In Adventures of Huckleberry Finn, Huck chose to follow his own belief and saved Jim. In order to save Jim, Huck was willing to even fall into the pit of eternal suffering. Like Huck I also have some disagreement over the beliefs of people around me.
Back in primary school, my mom was friend to several families whose kids have similar ages to me. Unlike in the US, primary schools were already surrounded with the heat of competition in Asia. As a result, I was often compared with the others. Every time the moms met, they would start asking each other questions like “How’s your daughter doing?” To anyone else, it might have been the equivalent of “how is she”. However, to their kids, the subtle meaning was very clear: “What’s her rank in class? What sport team is she on? Any awards?”
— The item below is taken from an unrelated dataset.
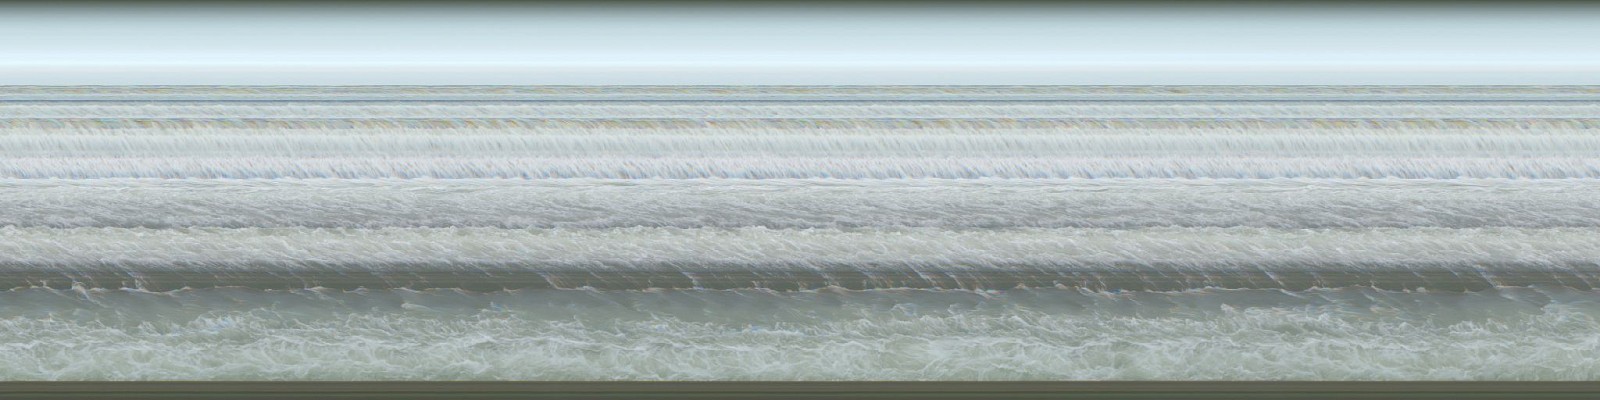 Jay Mark Johnson, GULLFOSS #1, 2021, Gullfoss, Iceland
archival pigment on paper, mounted on aluminum, 40 x 160 in. (101.6 x 406.4 cm)

The inquisitions often made me felt like I was not accomplishing anything comparing to the others. For a short term, the sense of dissatisfaction did no more damage than making me sulk for a short time. However, as time flew, the feeling of inferiority started to develop. The ugly hole would eventually evolve into uncontrollable irritation toward family members, friends, and myself. I was disgusted and annoyed by this anger because I knew that it came from somewhere no more than the parents’ chattering. The comparisons made me question the friendship between my friends and I, for I knew that if my grade fell, my friends’ parents would pull their children away from me – they believe deeply in the bad influence among peers. So was the friendship based merely on grades? It was as if the parents were merely using the kid with the good grade as an example for others to follow like a tool. If he or she’s average suddenly dropped, I had no doubt that his or her “friends” would vanish like a puddle under the sun.
Comparison will always be one topic that I cannot fully agree on with the parents. I think that developing my own goals and doing everything to the best of my ability will lead me much further than surviving solely on comparison.